Лев в это время сидел в лагере. Кто-то мне говорил, что его отсидка в Норильске была второй. Значит, в пятидесятых он тянул свой третий лагерный срок. На год, когда я попал в Голицино, пришелся пик того процесса, который хлестко поименовали «эпохой позднего реабилитанса». Ахматова приехала в Москву хлопотать об ocвобождении сына. Она просила помощи у Шолохова, он обещал написать письмо председателю Верховного суда Волину (или Волгину?). Однажды утром Ахматова уехала из Голицино на свидание с Михаилом Андреевичем. Вернулась она поздно вечером и позвала меня к себе. Взбудораженная и взволнованная, она рассказала, что произошло.
Когда она пришла, ей сказали, что Шолохова нет в Москве. Она возразила: он сам назначил ей встречу на этот день и час — наверное, уезжая, он ей что-то оставил. Тогда ей объяснили, что Михаил Андреевич вообще-то дома, но нездоров и принять ее не может. Она поняла, что он запил и лежит в бесчувствии. Надо было уходить. Вдруг появился Шолохов — в одном исподнем. Он был пьян, язык еле вывязывал слова:
— Аннушка, заходи. Я это... написал. Возьмешь.
Он провел ее в свой кабинет и, не одевшись, даже халата не накинув, стал рыться в ящиках стола, вышвыривая на пол одну бумагу за другой. Обещанное письмо все не попадалось. Очевидно, Шолохов не написал его, но забыл об этом. Она сказала: не надо рыться в столе, она зайдет в следующий раз, пусть он только скажет — когда. Он не пустил ее.
— Было же, Аннушка. Где-то лежит...
И продолжал ожесточенно расшвыривать бумаги.

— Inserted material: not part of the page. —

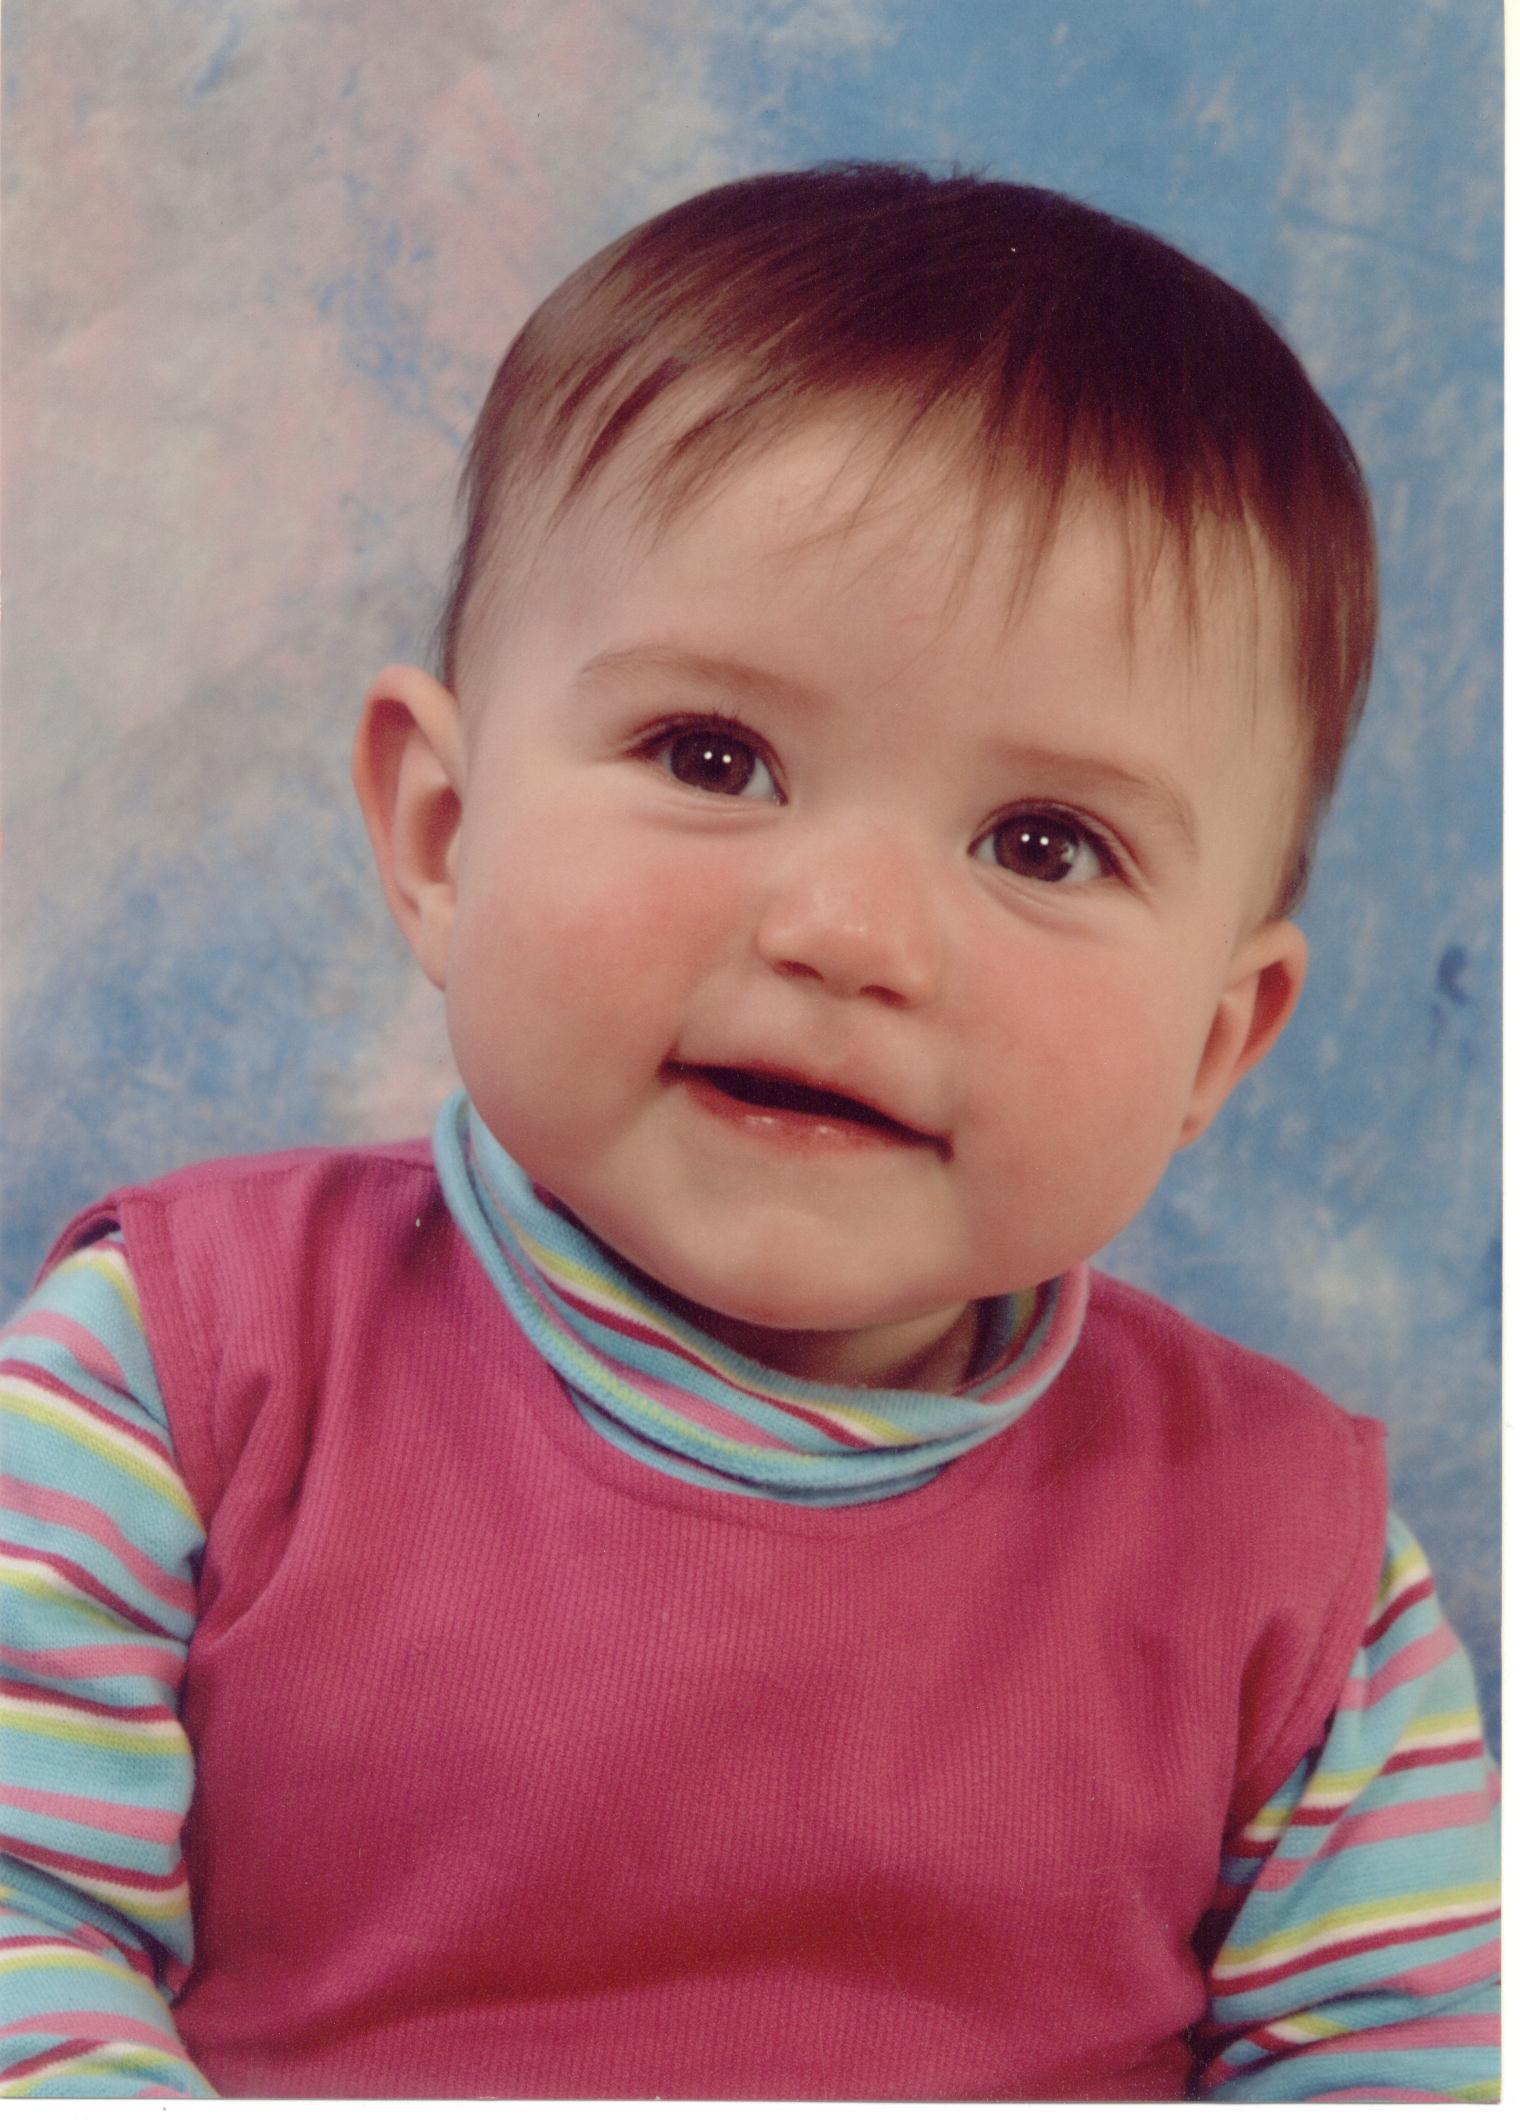 ANA JÚLIA Moratelli (*16/08/2005), trineta, filha de Marlene Dametto e Ladir Bruno Moratelli.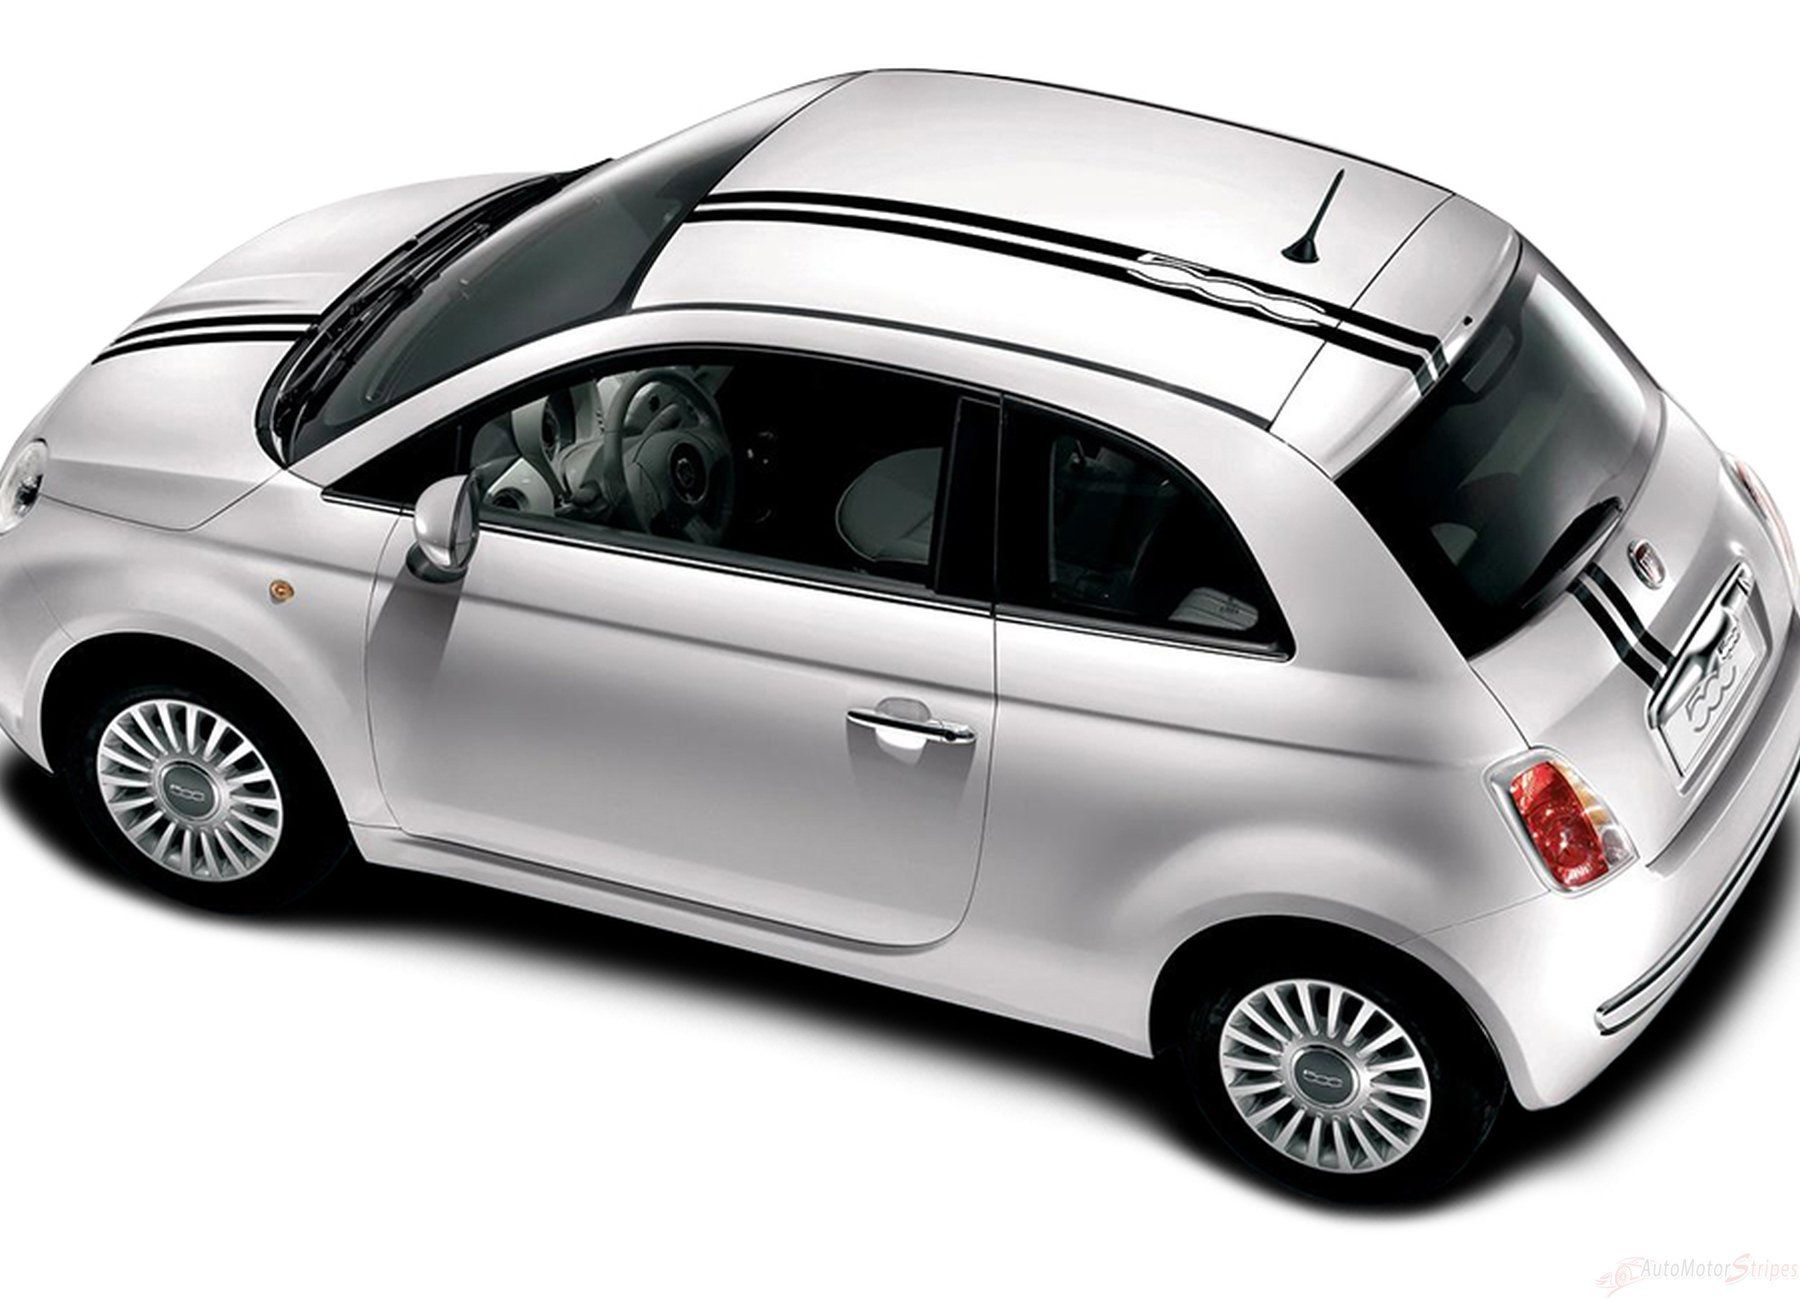 2007 2016 Fiat 500 Euro Rally Hood Roof Trunk Racing Stripes Vinyl

Обещанное письмо отыскалось на дне одного из ящиков. Шолохов вручил его Ахматовой и широко зевнул:
— Отправляй. А я — извини — посплю.
И, как был, не собирая разбросанных по полу бумаг, повалился на диван.
Уже не скажу, показала ли мне Ахматова то письмо, но как расстроганно блестели ее глаза, как взволнованно подрагивал голос, когда она говорила о пьяном Шолохове — помню.
Второй темой бесед была поэзия. Ахматова привезла с собой французскую книжку — переводила чью-то повесть для советского издательства. Не знаю, почему она не дала мне своего цикла стихотворений о сыне, возможно, не захватила их с собой в Москву: по тем временам они были небезопасны. Но она дала мне — и не на один вечер — «Поэму без героя».
Название не корреспондировало сути: герой в поэме был — сама Анна Андреевна. Помню такие строки:
Я читал и перечитывал поэму (к сожалению, ничего не переписывал) —упивался лучшими строчками, твердил, запоминал, но так и не запомнил самые выразительные главы. Меня восхищали нежные мелодии, тревожило колокольное вступление и блестящие картины бала-маскарада с его веселыми и трагическими масками и огромной силы сцены самоубийства юного поклонника, застрелившегося у ее квартиры в момент прощания.
Превосходно была передана общественная тревога, охватившая окружение Ахматовой перед войной — ожидание крушения и непроизвольное стремление ускорить бурю, которая, возможно, несет тебе гибель. Вполне по старой формуле: «Лучше страшный конец, чем страх без конца». Не уверен, что Ахматова точно передала реальные настроения того времени, но если это была подправленная последующими событиями реминисценция, то, во всяком случае, стихи звучали великолепно, а для меня это было главным.
Полный вечер мы говорили с ней о «Поэме без героя». Она охотно выслушивала мои восторги, расшифровывала автонимы (помню, что и Николай Степанович упоминался, и юноша Князев, и многие другие). Как все настоящие поэты, она объективировала себя, становилась для самой себя персонифицированным литературным явлением — и поэтому с Ахматовой можно было говорить о ней как о некоем объекте, отличном от нее, сидящей на диванчике. Но в понимание себя, кроме литературоведческой оценки, подправленной самолюбием, она вносила и типично женский взгляд — как бы со стороны.